UC Davis: Ärger wegen Tierversuchen von Musk-Firma Neurolink
Vorwurf: Uni hilft beim Vertuschen von aus dem Ruder gelaufenen Experimenten
Von Klaus Martin Höfer
Elon Musik hat lange bestritten, dass Primaten bei den Tierversuchen seines Unternehmens Neuralink sterben mussten. Dokumente, die aufgrund von Informationsfreiheitsgesetzen öffentlich wurden, zeigen das Gegenteil. Möglicherweise sind einige Tiere sogar auf eine besonders grausame Art gestorben. Bilder und Videos der Tierversuche hält die Universität von Kalifornien in Davis (UCD) weiterhin unter Verschluss – auch aus Angst vor einem schlechten Image und vor gewaltsamen Protesten. Mit dem dortigen Biomedizinlabor hatte das Musk-Unternehmen die Tierversuche durchgeführt.
Drastische Beschreibungen von gequälten Tieren
Das Magazin wired hat kürzlich neue Recherchen dazu veröffentlicht und schildert beispielhaft den Ablauf eines Versuches. Einer siebenjährigen Makake-Äffin war ein Neuralink-Hirnimplantat eingesetzt worden. Wie sich nachher bei der Autopsie herausstellte, hatte das Implantat ein Leck gehabt; ein giftiger Klebstoff trat aus. Die dadurch hervorgerufene Entzündung führte zu einem starken Druck auf den Teil des Hirn, der den Liquor produziert, die Flüssigkeit, in der das Gehirn üblicherweise schimmend und sicher lagert. Als die Schwellung einen bestimmten Wert überschritt, wollten die Mitarbeiter des UC-Davis-Labors das Tier einschläfern. Doch der Kunde, die Firma Neuralink, protestierte, sie sollten noch einen weiteren Tag warten, schreiben die Autoren des wired-Artikels und schildern äußerst drastisch, was dann mit dem Affen passierte.

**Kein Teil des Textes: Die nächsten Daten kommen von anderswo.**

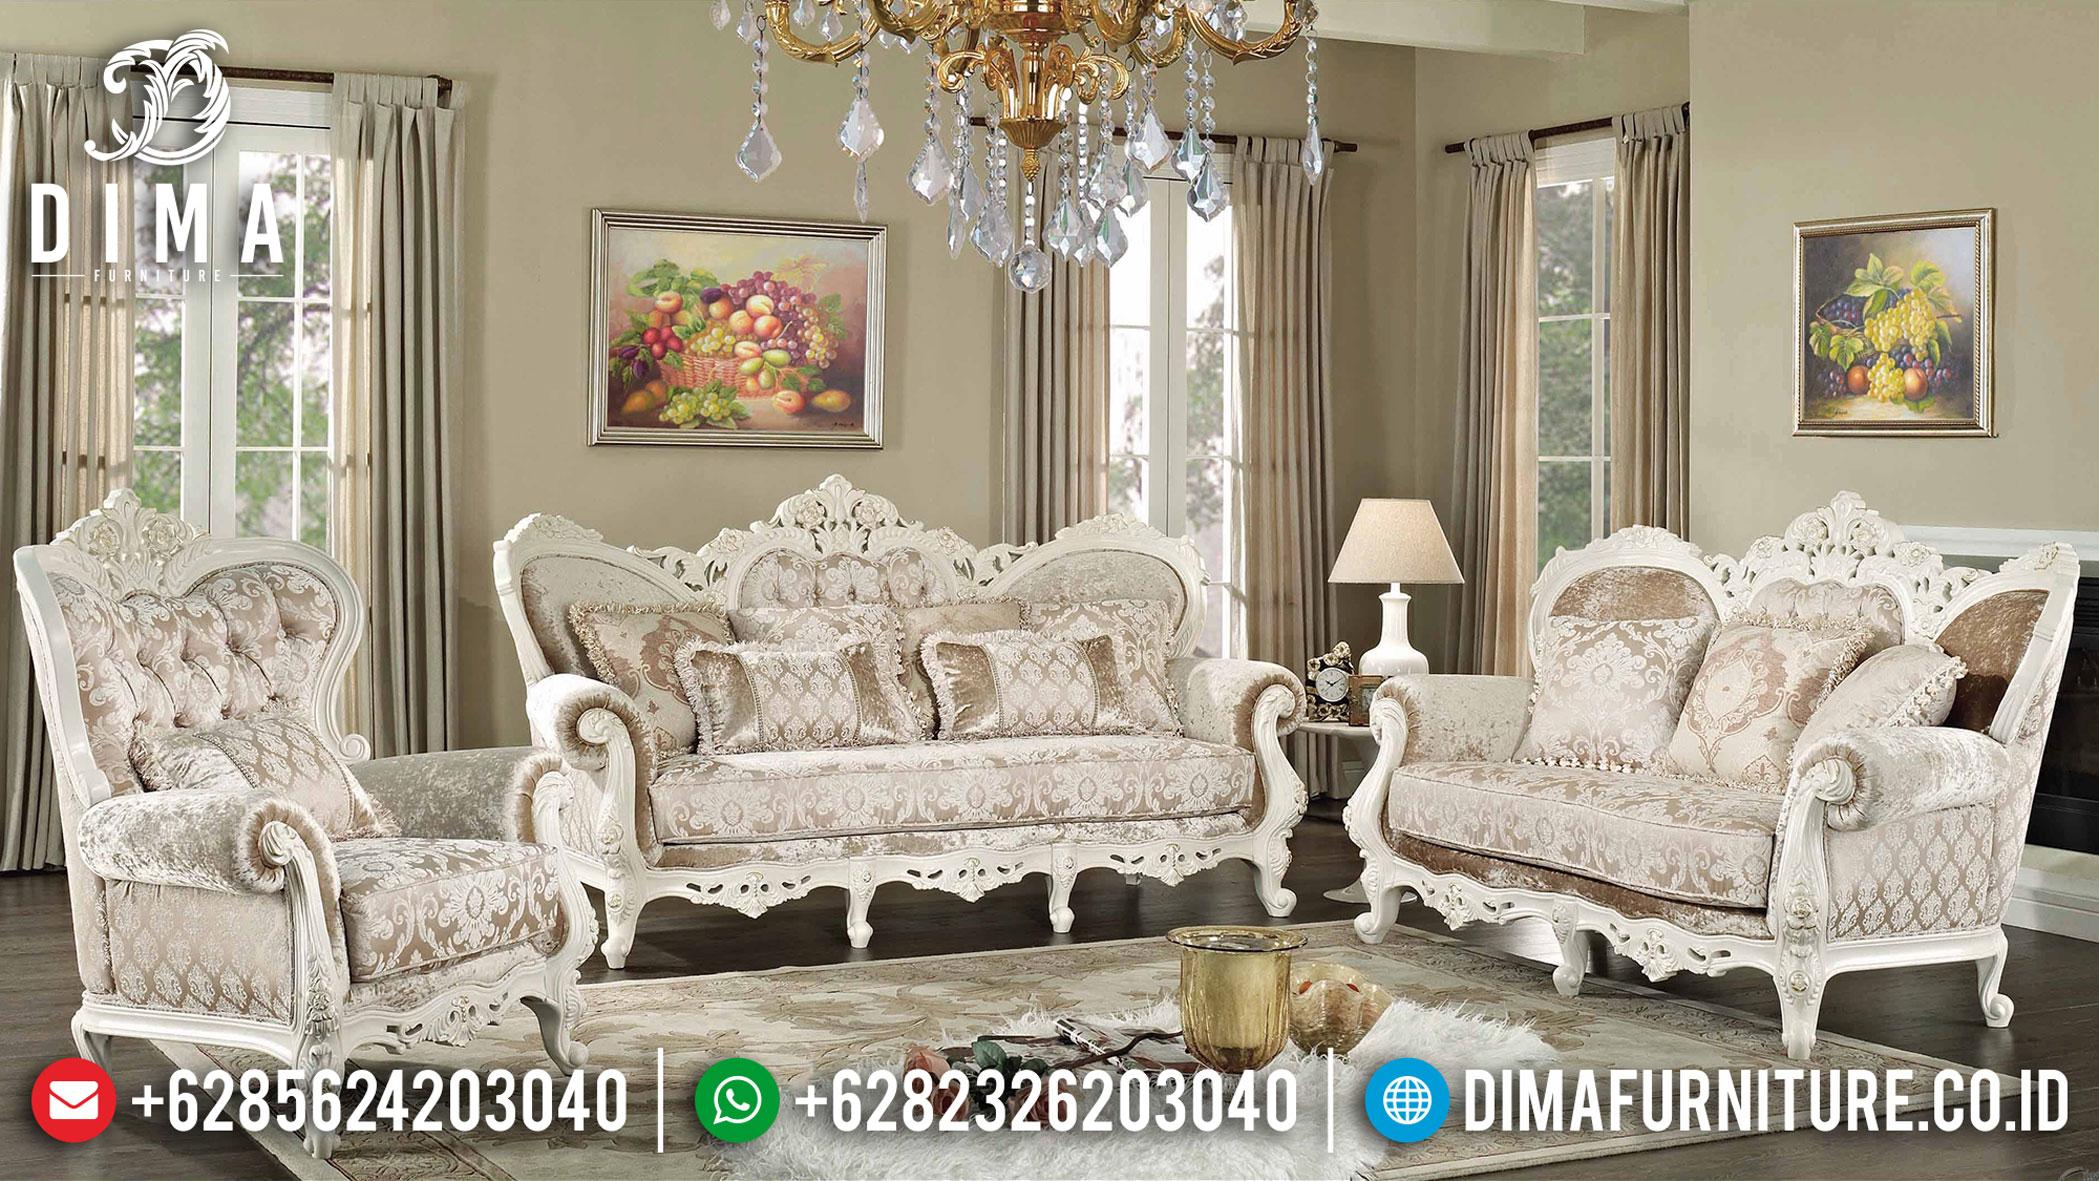 Romanian Sofa Tamu Ukir Jepara Luxury Classic White Satin Furniture Jepara TTJ-1039

Wie sich später herausstellte, war das zu späte Einschläfern ein Verstoß gegen ein Bundesgesetz, das den Umgang mit Versuchstieren regelt. Weil die UC Davis den Verstoß jedoch selbst meldete, hatte dies aber keine Folgen, weder für die Hochschule noch für Neuralink. Wired zitiert einen ehemaligen Mitarbeiter des Unternehmens mit den Worten, das Tier sei ja eingeschläfert worden, das Implantat habe also den Tod nicht direkt verursacht. Eine ähnliche Position vertrat offenbar auch Elon Musk: Kein Primat sei durch ein Implantat von Neuralink ums Leben gekommen, wird er von wired zitiert.

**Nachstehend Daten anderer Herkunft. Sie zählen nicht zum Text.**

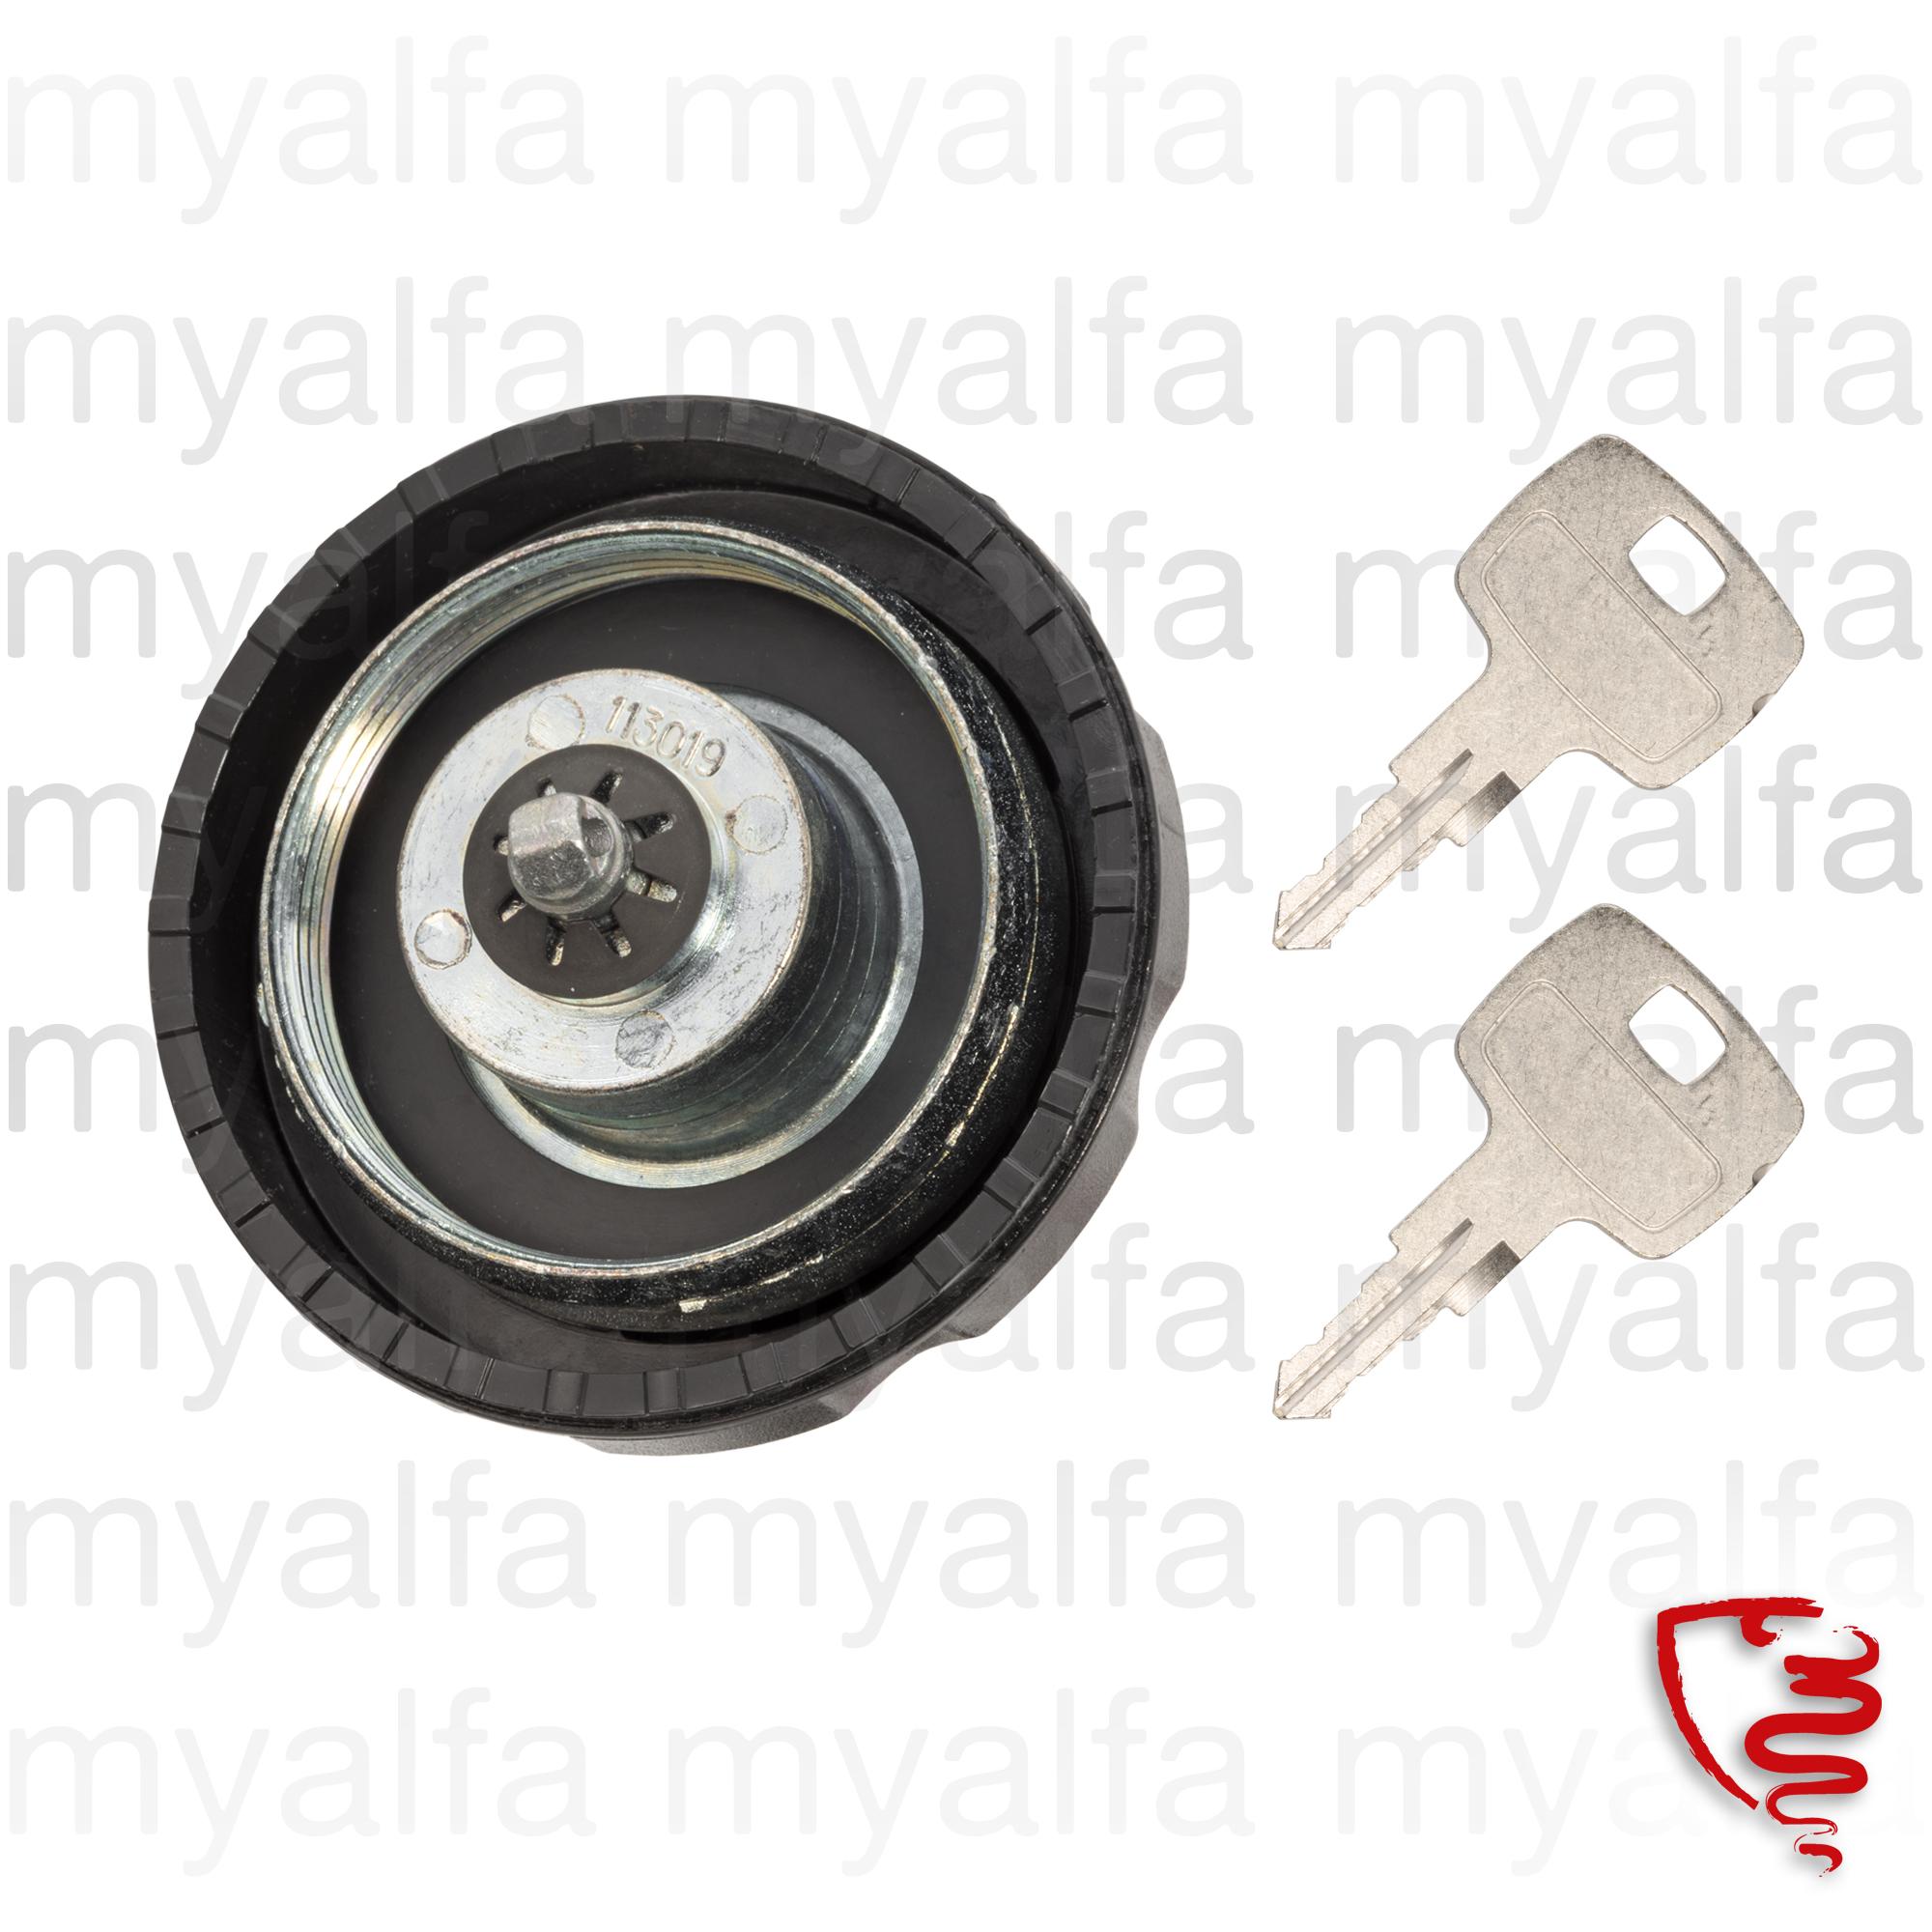 Fuel tank lid - locking screw for 105/115, Fuel system, Fuel Tank

Neuralink: Experimente mit der Hirn-Computer-Schnittstelle
Neuralink ist eines der Unternehmen von Elon Musk, das er zusammen mit anderen 2016 gründetet und das er auch zu einem großen Teil finanziert. Es entwickelt Hirnimplantate, also Schnittstellen zu Computern ("brain-computer interfaces") und Neuroprothesen mit einer Verbindung zu medizinischen Geräten. Ein Ziel seiner Forschung sei es, so Neuralink, gelähmten Menschen zu ermöglichen, alleine mit ihrer Gedankenkraft Computer, Telefone und andere Geräte nutzen zu können. Für die Entwicklung der Hirnimplantate wollte Neuralink offenbar zunächst ein eigenes Tierversuchslabor aufbauen, beauftragte dann aber die UC Davis mit entsprechenden Experimenten.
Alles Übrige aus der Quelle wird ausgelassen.